The GenieGo has no idea where you are located; you can stream content to any place where you have suitable Internet access.


----------



## peds48 (Jan 11, 2008)

kpfleming said:


> The GenieGo has no idea where you are located;


not true. The GG "knows" by your IP address, that it does not enforce it, that is another thing


----------



## dpeters11 (May 30, 2007)

And really, it doesn't have to go to the level of the GenieGo itself, it could be done app level. Just like the GenieGo doesn't know if your device is jailbroken.
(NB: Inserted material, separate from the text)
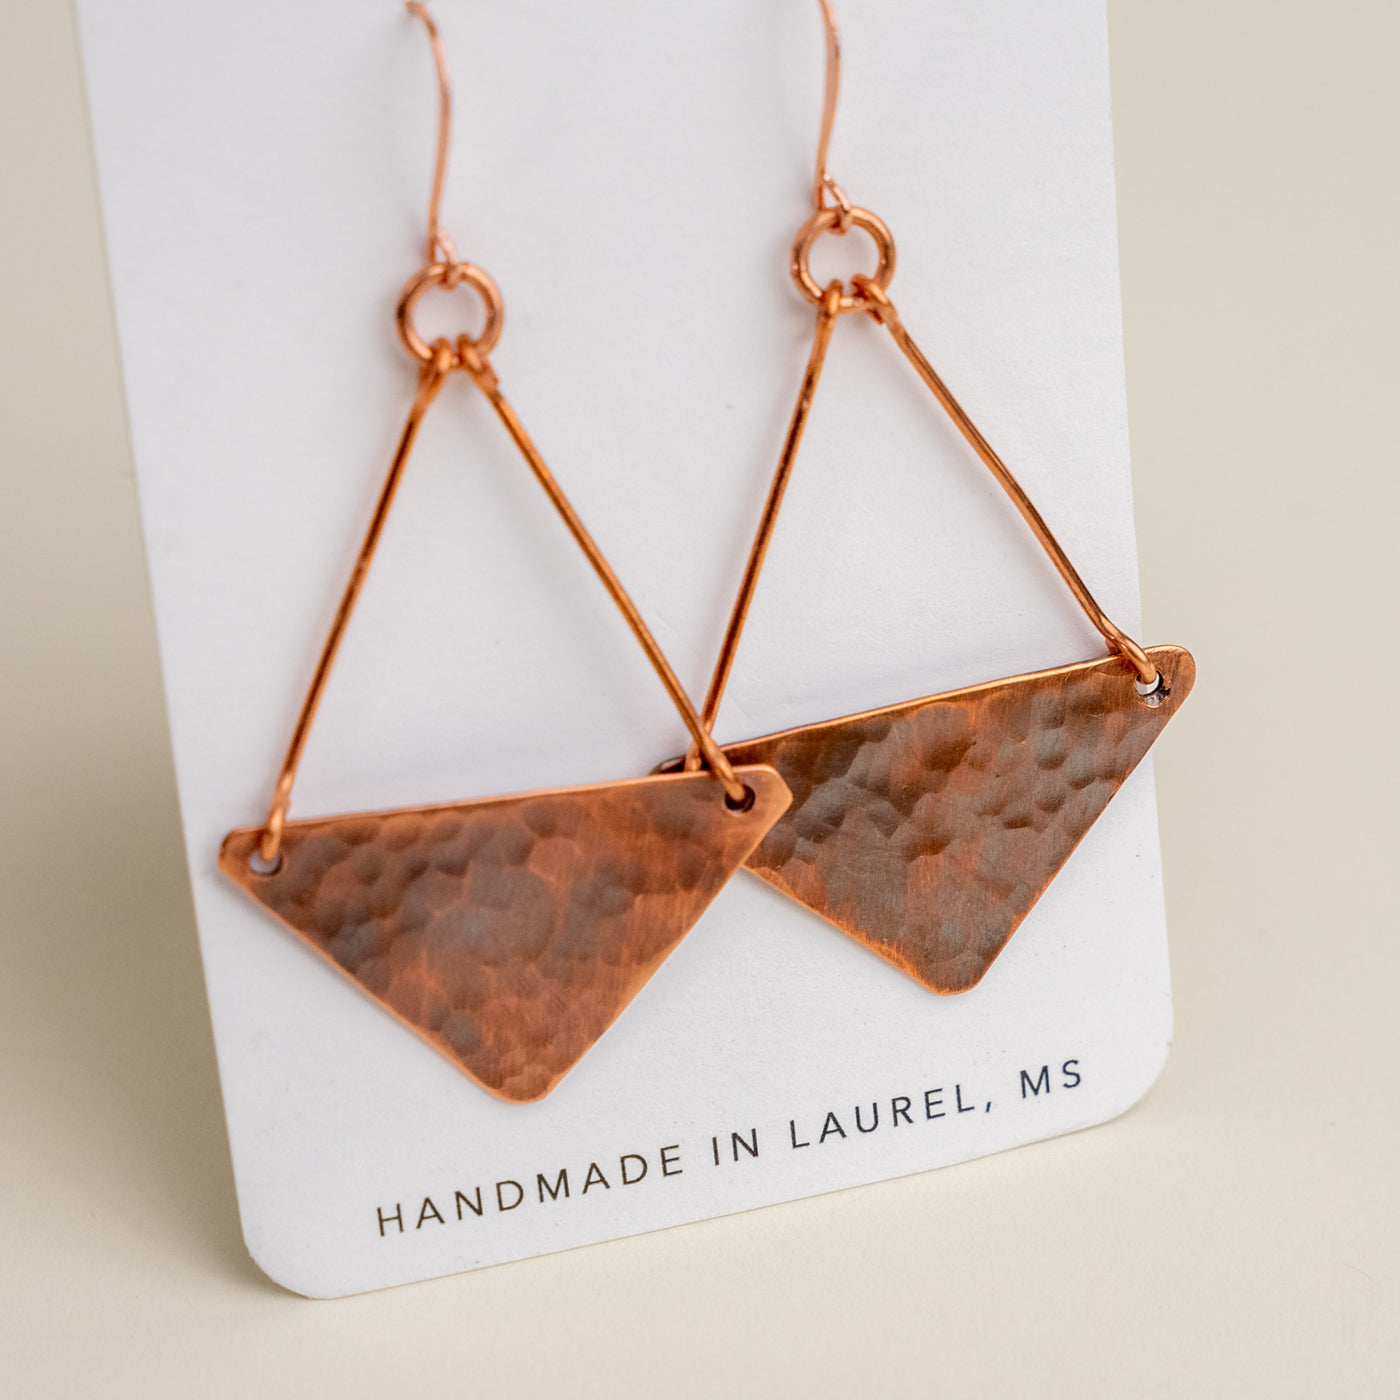 Novi Copper Diamond Full Dangle Earrings
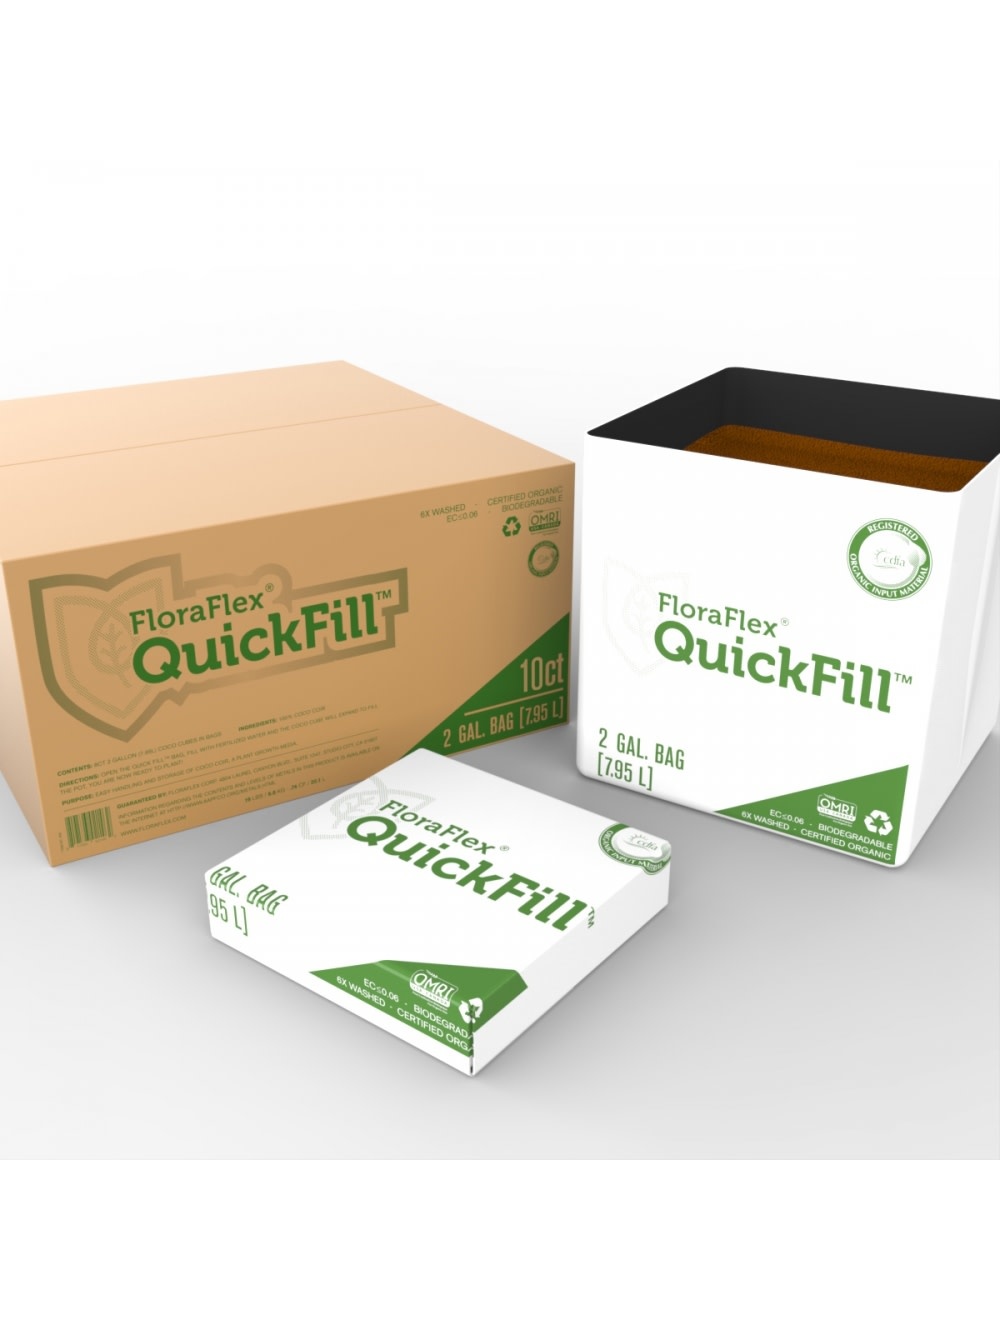 Floraflex Quickfill Bags 2gal

Good to hear that this isn't a restriction.


----------



## litzdog911 (Jun 23, 2004)

I've been able to stream successfully from my GenieGo on trips to Hong Kong and Europe and Canada. Of course, if you download your recordings from the GenieGo to your mobile device, you can view them anywhere because no internet connection is needed.


----------



## dennisj00 (Sep 27, 2007)

I'm loading up both iPads and a PC tablet for an upcoming trip. I'll report how the streaming works.


----------



## peds48 (Jan 11, 2008)

dpeters11 said:


> And really, it doesn't have to go to the level of the GenieGo itself, it could be done app level. Just like the GenieGo doesn't know if your device is jailbroken.
> 
> Good to hear that this isn't a restriction.





peds48 said:


> not true. The GG "knows" by your IP address, that it does not enforce it, that is another thing


Just to clarify my post, while the GG itself does not know or care where you are or if you device if jailbroken or not, the app does know where you are and does care if you device if jailbroken, although a simple tweak can take care of the latter


----------



## texasbrit (Aug 9, 2006)

Applications know where you are based on the IP address. Whether an application uses that info is another question. But for example, this forum won't work with a UK VPN, whereas a US one is fine. So if I try to login via a company's UK-based VPN, DBStalk won't allow it.

Similarly if you are in the US and try to access services like BBC iPlayer it won't let you in.


----------